First widget has this configuration:
{
"request": {
"time": "2020-06-22 2021-06-22",
"resolution": "WEEK",
"locale": "pl",
"comparisonItem": [
{
"geo": {
"country": "US"
},
"complexKeywordsRestriction": {
"keyword": [
{
"type": "BROAD",
"value": "python"
}
]
}
}
],
"requestOptions": {
"property": "",
"backend": "IZG",
"category": 0
}
},
"token": "APP6_UEAAAAAYNN3iWA7yWIEtpwO5kG4SY4rL5B5z8S_",
"version": "1"
}
It contains the information about how to create a request for google trends API. As there is no documentation of API we must experiment with different properties, I guess You call it reverse engineering :).
If You would like to embed google trends widgets it is possible, google allows on that:
<script type="text/javascript" src="https://ssl.gstatic.com/trends_nrtr/2578_RC01/embed_loader.js"></script>
<script type="text/javascript">
trends.embed.renderExploreWidget("TIMESERIES", {"comparisonItem":[{"keyword":"python","geo":"US","time":"today 12-m"}],"category":0,"property":""}, {"exploreQuery":"geo=US&q=python&date=today 12-m","guestPath":"https://trends.google.com:443/trends/embed/"});
</script>
As You see it contain similar information which I shown in previous fragment.
The first widget is executing this request:
https://trends.google.com/trends/api/widgetdata/multiline?hl=pl&tz=-120,-120&req={"time":"2020-06-22 2021-06-22","resolution":"WEEK","locale":"pl","comparisonItem":[{"geo":{"country":"US"},"complexKeywordsRestriction":{"keyword":[{"type":"BROAD","value":"python"}]}}],"requestOptions":{"property":"","backend":"IZG","category":0}}&token=APP6_UEAAAAAYNN3iWA7yWIEtpwO5kG4SY4rL5B5z8S_
and this is our API https://trends.google.com/trends/api/widgetdata/multiline, the multiline is a name of widget we can change it with other widget name like comparedgeo or relatedsearches.
Google Trends API token
If You will remove token the request will fail with Error 400, which mean that token needs to be used in order to authorize request. The first problem we encounter that token is outdated maybe after some time of not activity on google trends application page.
When I executed embedded widget I verified that api token is injected to widget itself on server side, at the time of writing I am not sure how long one token is valid.
If You would like to use ready to go library check this one https://github.com/GeneralMills/pytrends/blob/master/pytrends/request.py, I haven't tried it.
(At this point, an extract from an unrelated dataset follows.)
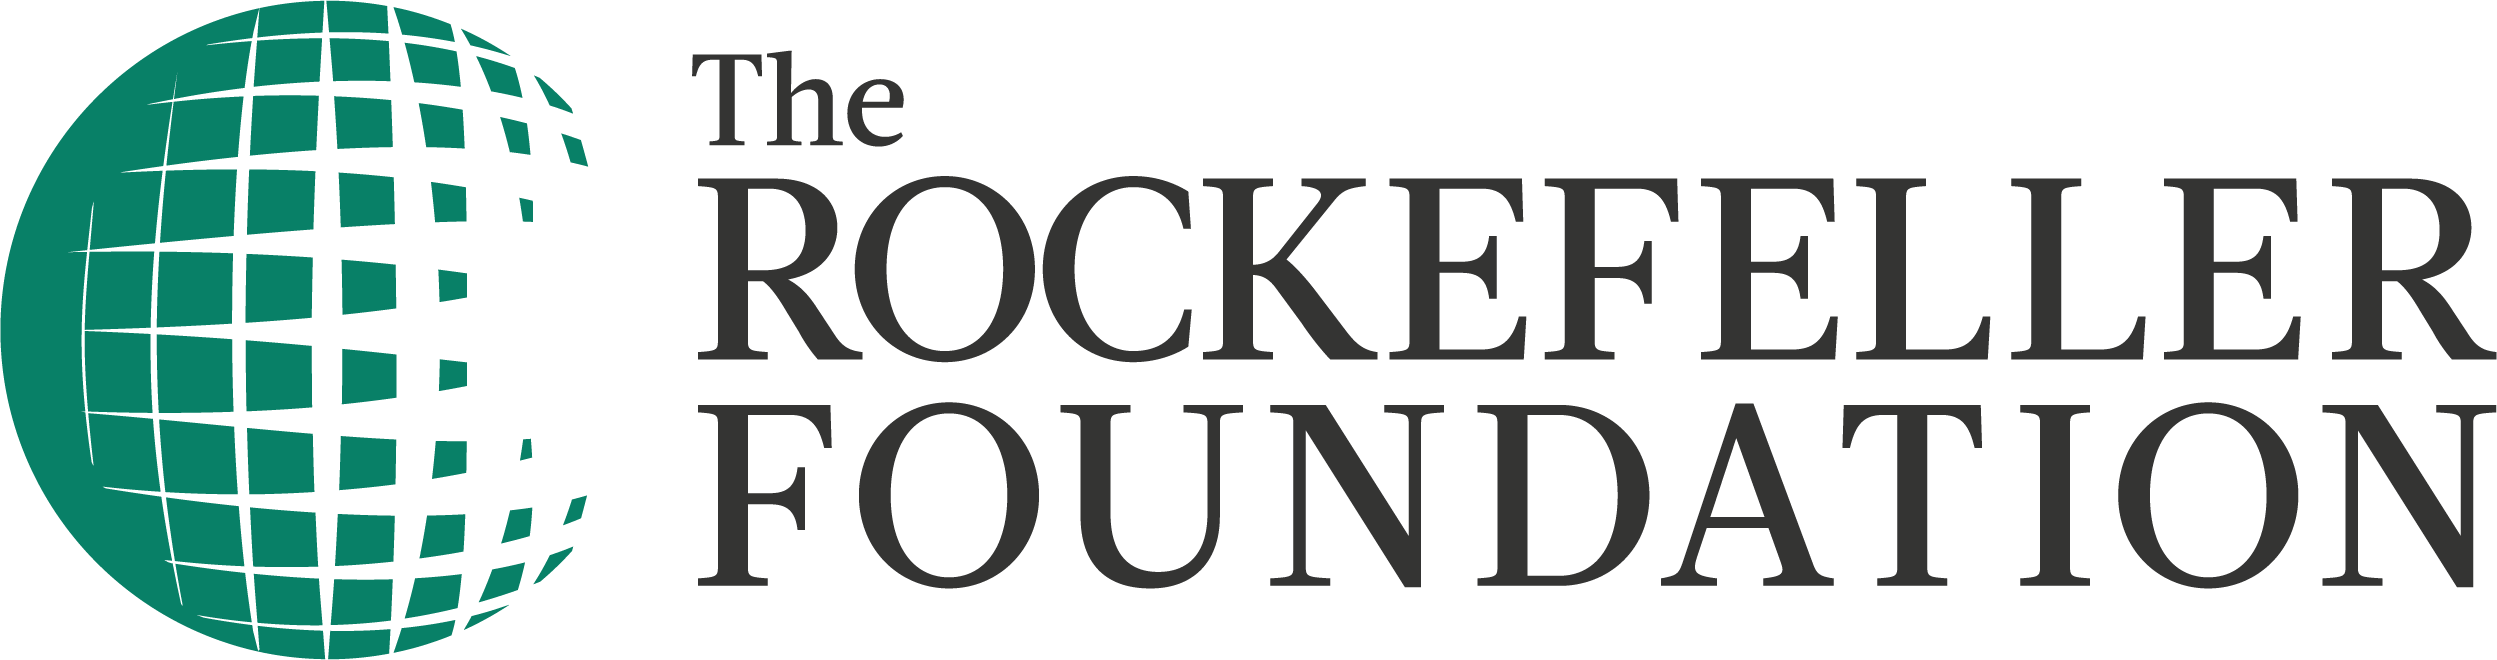 The Rockefeller Fundation

It is great that somebody covered the problem, although one thing to keep in mind each abstraction layer takes away control over the process, so for research or prototyping purposes I think it is easier to create simple script.
This will give You all You need to connect:
import json
import requests
cookies = requests.get('https://trends.google.com/?geo=PL').cookies.items()
cookies = dict(cookies)
widgets = requests.get('https://trends.google.com/trends/api/explore?'
'hl=pl&tz=360&'
'req={"comparisonItem":[{"keyword":"python","geo":"US","time":"today 12-m"}],'
'"category":0,"property":""}',
cookies=cookies,
headers={'accept-language': 'pl'})
TRIM_CHARACTER_SLICE = ")]}',"
text_trimmed = widgets.text[len(TRIM_CHARACTER_SLICE):]
data = json.loads(text_trimmed)
print(data)
Trim Character
One interesting part is this line https://github.com/GeneralMills/pytrends/blob/bac0caea18817630e98b503a38e9b445e7b5add1/pytrends/request.py#L109 and this was something new for me too, because response we get from above fragment is not valid JSON data, why ? Creator of library commented that some responses start with garbage characters, like ")]}'," and I wonder why maybe somebody will explain ?
Summary
Reverse Engineering is a great learning experience as You try to understand how things work from the other side, You slowly see how everything is connected.
This article was written purely for research and training purposes and my goal was not to encourage anyone to to use Google Trends API in a way described above.